Intervention de Yannick Moreau

Séance en hémicycle du 4 juin 2014 à 21h30
Prévention de la récidive et individualisation des peines — Article 3

Photo issue du site de l'Assemblée nationale ou de WikipediaYannick Moreau :

Avec l’article 3, vous inversez l’ordre des choses. La juridiction devra désormais motiver les peines de prison ferme non aménagées. Pourquoi faire si peu confiance à l’institution judiciaire ? Avez-vous peur qu’elle fasse trop bien son travail et applique trop justement la loi ? Cet article consacre le droit à l’impunité du délinquant, vu comme une victime du système, que le juge doit, par définition, relâcher. Pour la majorité, nous l’avons bien compris, l’homme naît bon, c’est la prison qui le corrompt.
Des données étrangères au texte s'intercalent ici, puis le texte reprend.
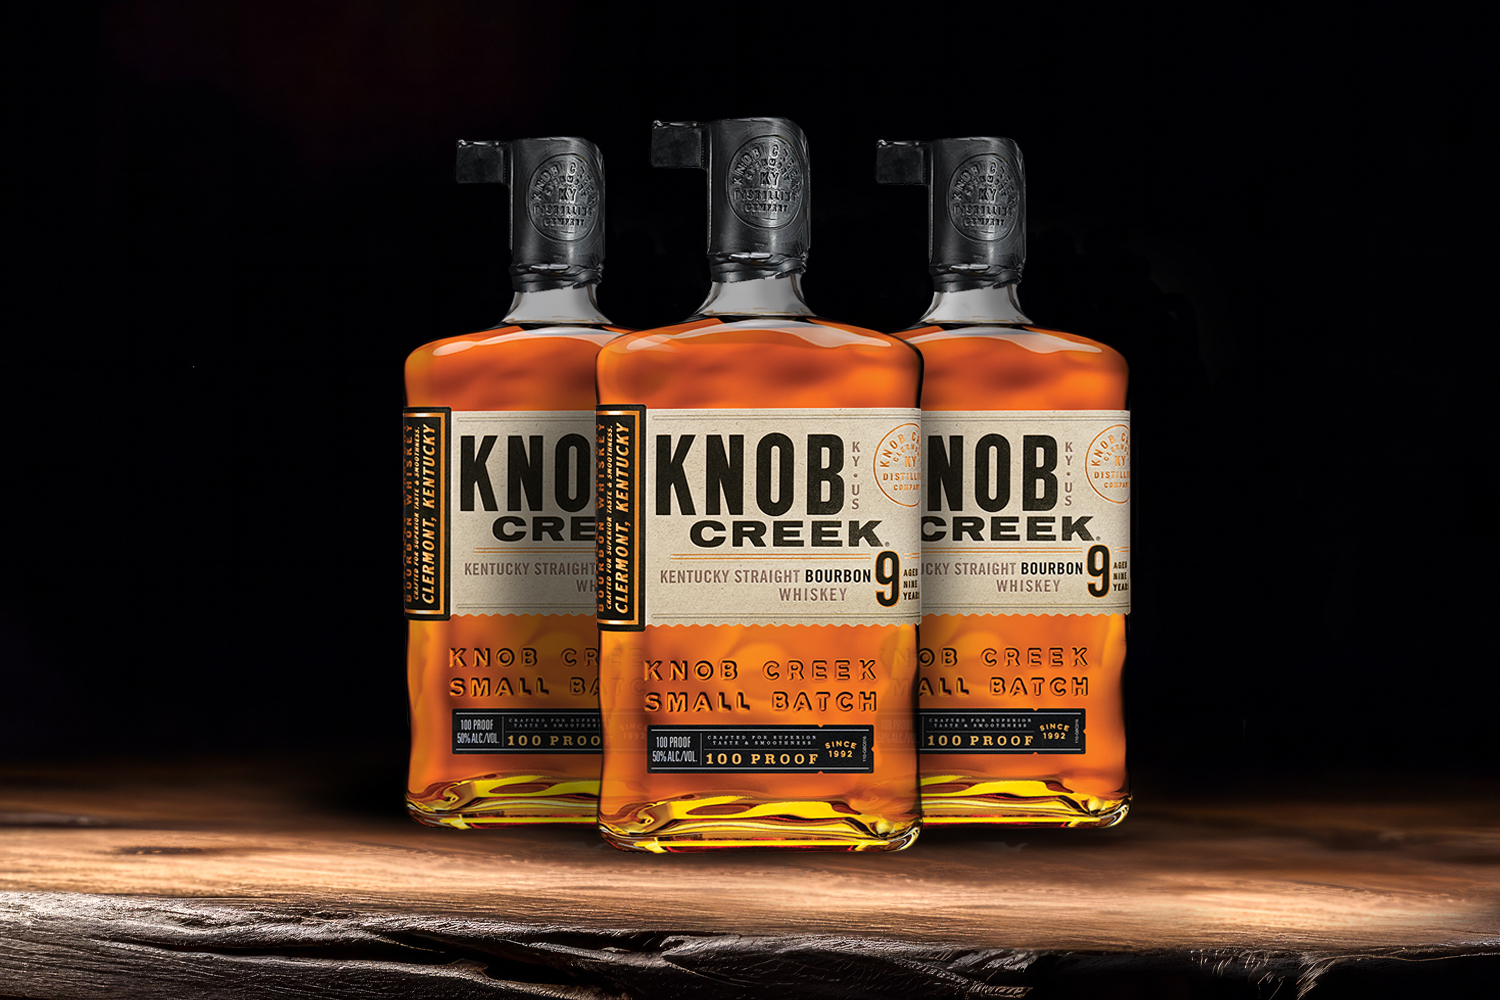 3 bottles of knob creek bourbon on a wooden table

L’article 3 illustre parfaitement l’idée générale de votre loi laxiste. Pour lutter contre la surpopulation carcérale, vous proposez une solution radicale : tout faire pour ne pas remplir les prisons. Je m’opposerai à l’adoption de cet article qui fera de la prison l’exception. Le rôle de la peine, comme l’a souligné notre collègue Julien Aubert, n’est-il pas de punir, de sanctionner et de rétablir l’équilibre causé par l’infraction ?

Dans l’éventail de la réponse pénale, la prison ne doit pas être l’unique solution, j’en conviens, mais elle doit être une solution et non une option facultative. Entendez-vous le cri des Français qui ne se reconnaissent plus dans cette justice rendue en leur nom ? En effet, 77 % des Français estiment que la justice fonctionne mal. Comment les en blâmer alors que nous savons que 2,6 millions d’affaires ne sont pas poursuivies par la justice et que les délais de procédure, faute de moyens, sont interminables et incompréhensibles pour la plupart de nos compatriotes ?
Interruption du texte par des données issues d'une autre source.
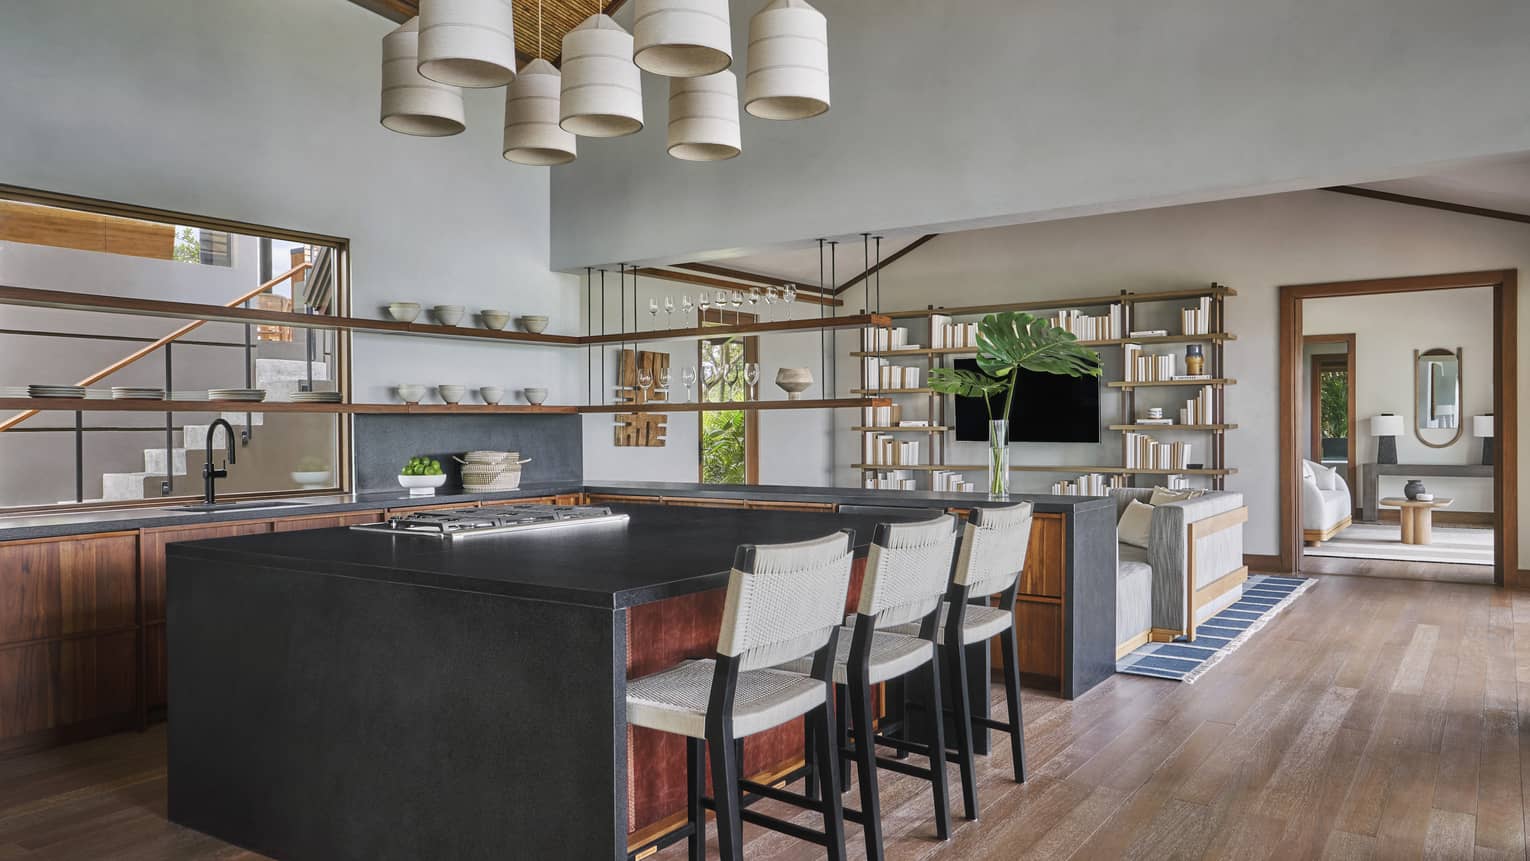 Kitchen with wooden floors, three counter-height chairs at island, multi-light hanging fixture

Votre réforme est dangereuse pour nos compatriotes et la France. Elle mettra des milliers de détenus en liberté. Elle permettra à des milliers de délinquants, y compris les coupables d’agressions sexuelles, de se retrouver face à face avec leurs victimes sans qu’ils soient passés par la case prison. Elle ouvrira toujours plus de droit à sortir au condamné et toujours moins d’attention, d’écoute et de protection aux victimes qui ne sont que l’accessoire de votre pseudo-réforme.
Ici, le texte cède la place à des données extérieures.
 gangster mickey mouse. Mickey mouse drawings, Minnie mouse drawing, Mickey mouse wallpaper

Grâce à vous, madame la ministre, les délinquants de France ont de beaux jours devant eux. Là où les Français réclament plus de sévérité, le maintien, voire le renforcement des peines plancher, vous les supprimez. Là où les Français demandent l’application de peines de prison ferme claires et la suppression des remises de peines automatiques, vous instaurez la contrainte pénale. Là où les Français veulent empêcher la récidive des crimes les plus graves en élargissant le cadre de la perpétuité réelle, vous désarmez les magistrats.